Синди исполнилось шестнадцать. Она была более чувственна, чем я в ее возрасте. Но ведь она не жила в такой изоляции от жизни, как я. Свежий воздух и солнце давали ей те жизненные силы, которых не получили в свое время я и разделявшие мое заточение братья и сестра. Хорошее питание, физические упражнения, прогулки на свежем воздухе, достаток… Она имела все самое лучшее. Нам в детстве досталось наихудшее.

* * *

Крис спросил, не собираемся ли мы стоять здесь весь день и ждать, пока проливной дождь не промочит нас насквозь. Он потянул меня за собой к дому, заражая своим оптимизмом.

Приближающиеся раскаты грома, мрачные черные тучи, пересекаемые зигзагами молний, подталкивали нас к дому, и шаг за шагом мы наконец подошли к главному входу Фоксворт-холла.

Я заметила некоторые детали, которых не было видно издалека. Пол портика был выложен изразцами трех оттенков красного цвета: причудливо чередуясь, изразцы образовали солнечный круг с лучами, подобный стеклянному кругу над двустворчатыми дверями входа. Эти два солнечных диска почему-то очень обрадовали меня. Раньше их здесь не было. Возможно, Крис и прав в своем оптимизме. А восстановленный дом все же отличается от старого, хоть и похож на него. Ведь даже две одинаковые снежинки на самом деле различны.

Я нахмурилась: но кто же заметит различие между двумя падающими снежинками?

– Прекрати выискивать разные мелочи, не надо портить себе настроение, Кэтрин. По твоему лицу и глазам я вижу, что ты так и ищешь, к чему бы придраться. Клянусь тебе честью, что мы останемся в этом доме только до тех пор, пока Барт не вступит в свои права, а потом улетим на Гавайи. Если на этот дом, пока мы в нем находимся, обрушится ураган или нахлынет приливная волна, то это случится только потому, что ты ожидаешь чего-то плохого.

Слова Криса заставили меня улыбнуться.

– Не забывай, что есть еще и вулканы. Они могут залить нас горячей лавой.

Он засмеялся и шутливо шлепнул меня по заду:

– Прекрати! Ну пожалуйста! Десятого августа мы уже сможем сесть в самолет. Но сто против одного, что ты и там будешь беспокоиться о Джори, о Барте, думать, что делает Барт один в этом доме.

Только сейчас я вспомнила, что Барт упоминал о каком-то сюрпризе, который ожидает нас в Фоксворт-холле. Когда он говорил об этом, то как-то странно глядел на меня.
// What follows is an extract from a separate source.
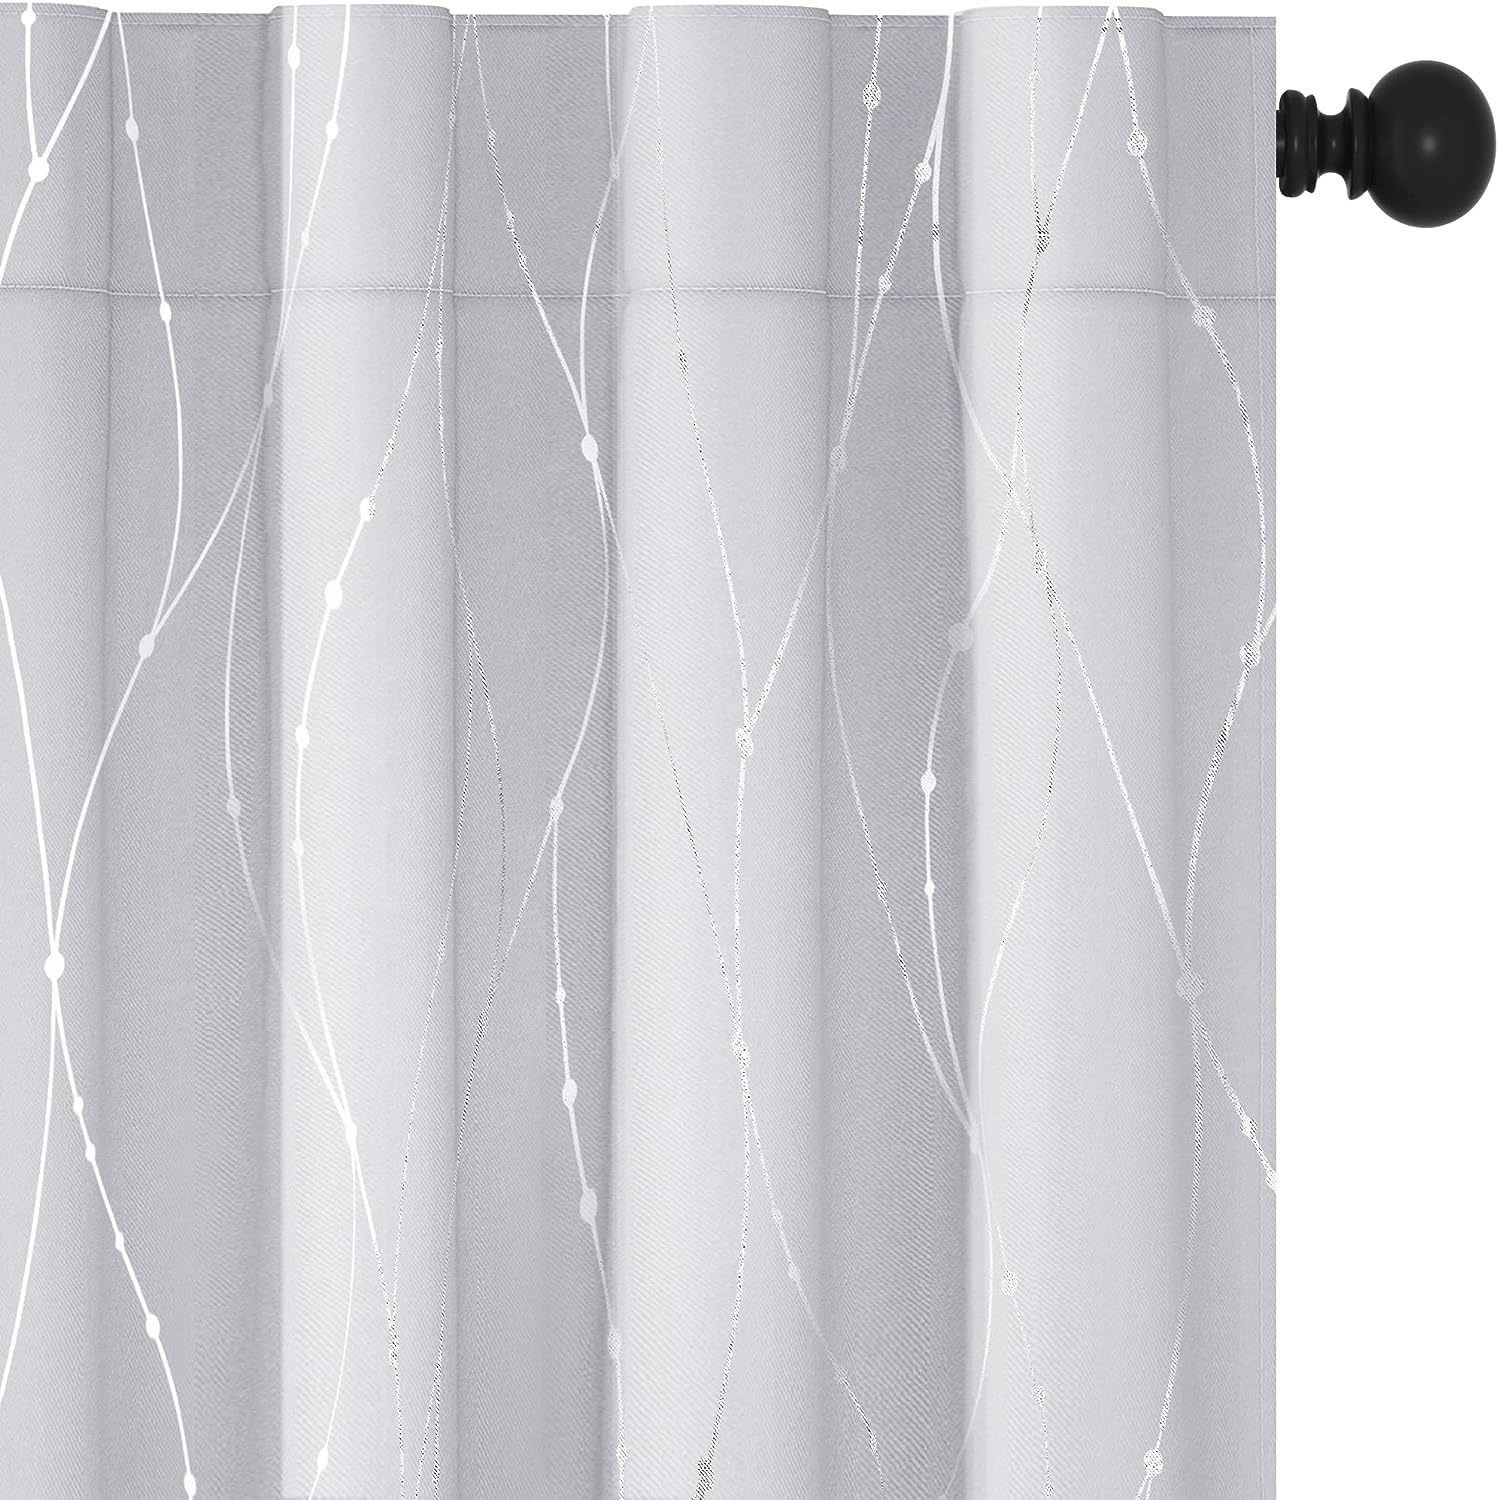 Deconovo White Curtains 84 Inches Long For Bedroom, Living Room Curtains And - $44.97

– Мама, ты будешь поражена, когда увидишь… – Он замолчал и неловко улыбнулся. – Я прилетал туда каждое лето, чтобы проверить, все ли в порядке, не разрушается ли дом от запустения и сырости. Я распорядился сделать интерьер таким, каким он был раньше, за исключением моего кабинета. Его я хочу отделать по-современному, установить необходимое мне электронное оборудование… Но ты, конечно, можешь кое-что изменить в обстановке, чтобы в доме стало уютнее.

Уютнее? Да разве там может быть уютно? Я знала, каково быть запертым в этом доме, проглоченным им и обманутым. Я вздрогнула от стука моих высоких каблуков, раздавшегося под сводом портика вслед за глухим звуком шагов Криса, когда мы приблизились к черным дверям, украшенным геральдическими щитами. Не знаю, действительно ли Барт настолько уважал своих предков Фоксвортов, что желал сохранить все их аристократические титулы и гербы, или же он просто хотел, чтобы все оставалось так, как было когда-то. На каждой из двух черных створок висело по тяжелому медному молотку, а на планке между створками находилась маленькая, почти незаметная кнопка звонка.